Придет покупатель, лавка полным-полнехонька народом, десятка полтора человек сидят в ней по скамейкам либо стоят у прилавка, внимательно рассматривая в книгах каждую страницу. Снимет вошедший картуз, всем общим поклоном поклонится, а хозяину отдельно да пониже всех, скажет ему «здравствуйте». Тот ему тем же ответит, и другие, кто в лавке случится, тоже поклонятся. Замолчит потом новый покупатель и зачнет внимательно
– Ну, что скажете?
– А что спросите? – в свою очередь, задаст ему вопрос хозяин.
– Чать, знаешь что?
– Мало ли что я знаю?
– Оно конечно, что знаешь, того и знать не хочется, – молвит покупатель.
– Верные ваши речи: что известно, то не лестно, – ответит старинщик.
– Так-то оно так, а все же таки поспрошу я у вас.
– Спрашивайте. Убытков от того ни вам, ни нам не будет.
– Да вот в путь-дорогу сряжаюсь, так не знаю, где бы здесь у Макарья шапчонку на голову купить да в руку подожок.
– Шапку в шляпном ряду найдете, вот что рядом с почтой стоит, а палочку под Главным домом можно сыскать, а ежели подешевле желаете, так в щепяном ряду поищите.
Хозяин уж смекнул, про какую шапчонку и про какой подожок его спрашивают. Пошлет он знакомого покупателя по шляпным да по щепяным рядам только тогда, когда в лавке есть люди ненадежные, а то без всяких разговоров поведет его прямо в палатку и там продаст ему сколько надо венчиков, то есть шапчонок, и разрешительных молитв – подожков.
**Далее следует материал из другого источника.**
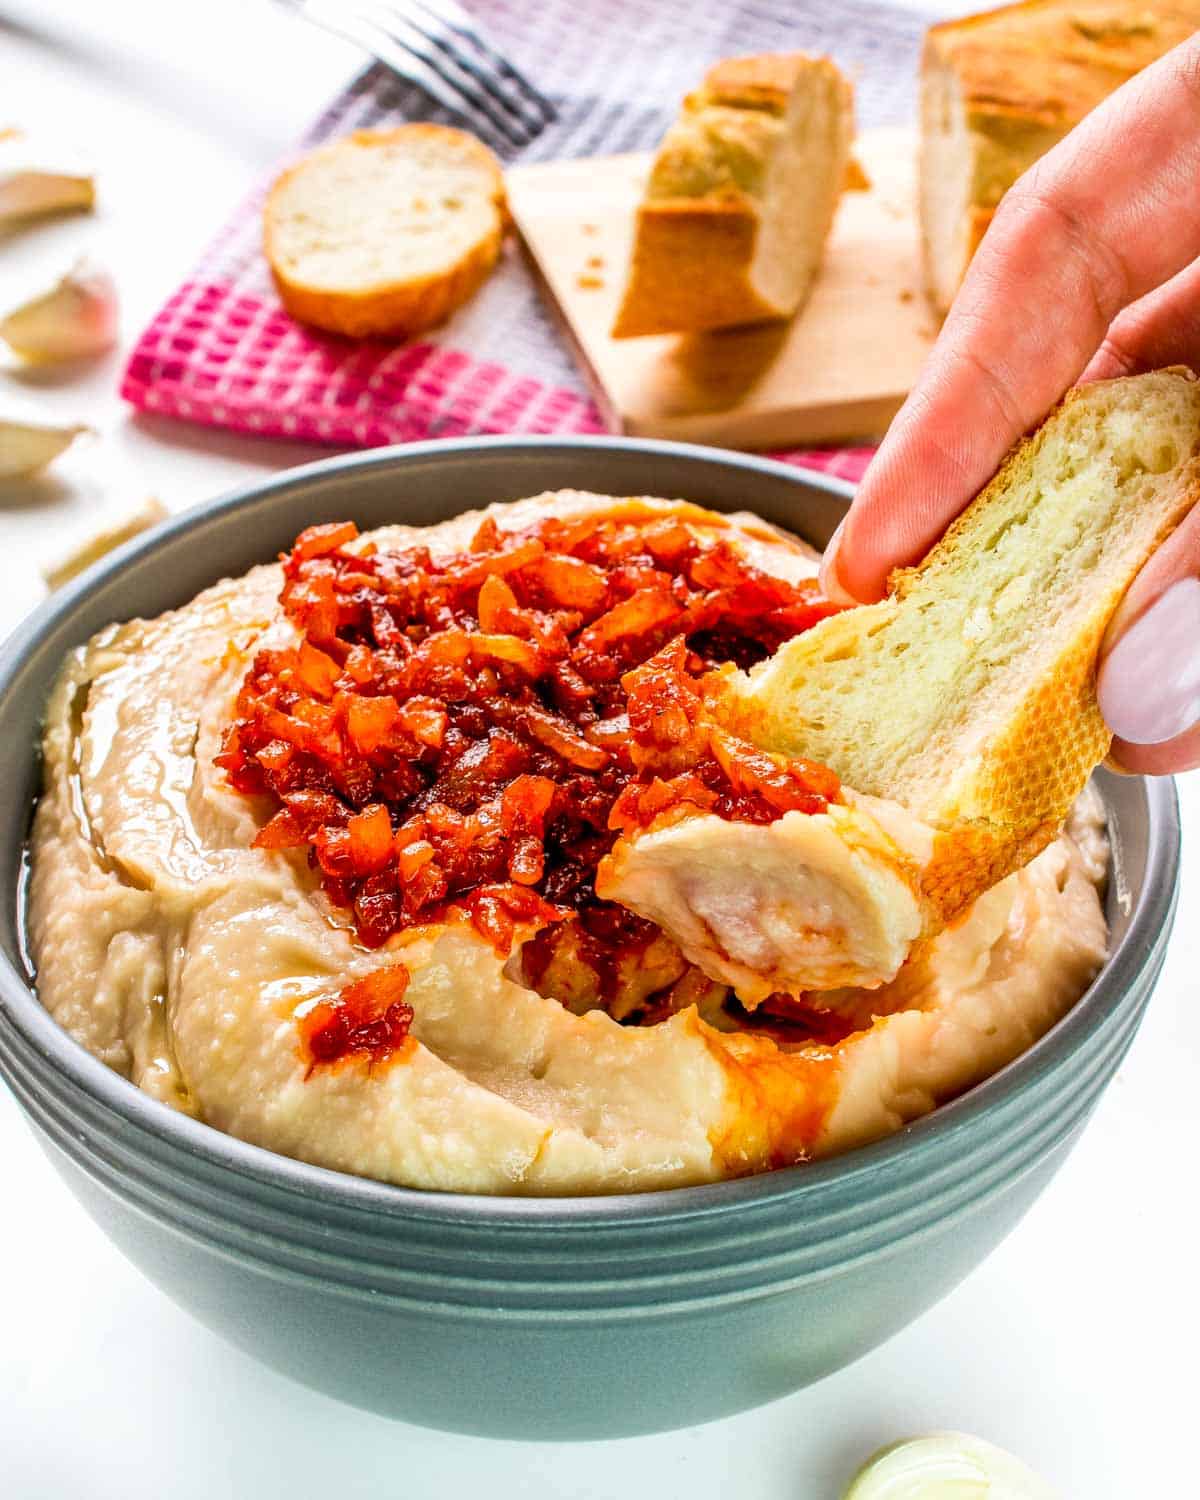 a hand dipping a piece of bread into a bowl with white bean dip.

Не то прибежит в лавку, ровно с цепи сорвавшись, какой-нибудь паренек и, ни с кем не здороваясь, никому не поклонясь, крикнет хозяину:
– Хлябышь в дудоргу хандырит пельмиги шишлять!..
И хозяин вдруг встревожится, бросится в палатку и почнет там наскоро подальше прибирать, что не всякому можно показывать. Кто понял речи прибежавшего паренька, тот, ни слова не молвив, сейчас же из лавки вон. Тут и другие смекнут, что чем-то нездоровым запахло, тоже из лавки вон. Сколько бы кто ни учился, сколько бы ни знал языков, ежели он не офеня или не раскольник, ни за что не поймет, чем паренек так напугал хозяина. А это он ему по-офенски вскричал: «Начальство в лавку идет бумаги читать».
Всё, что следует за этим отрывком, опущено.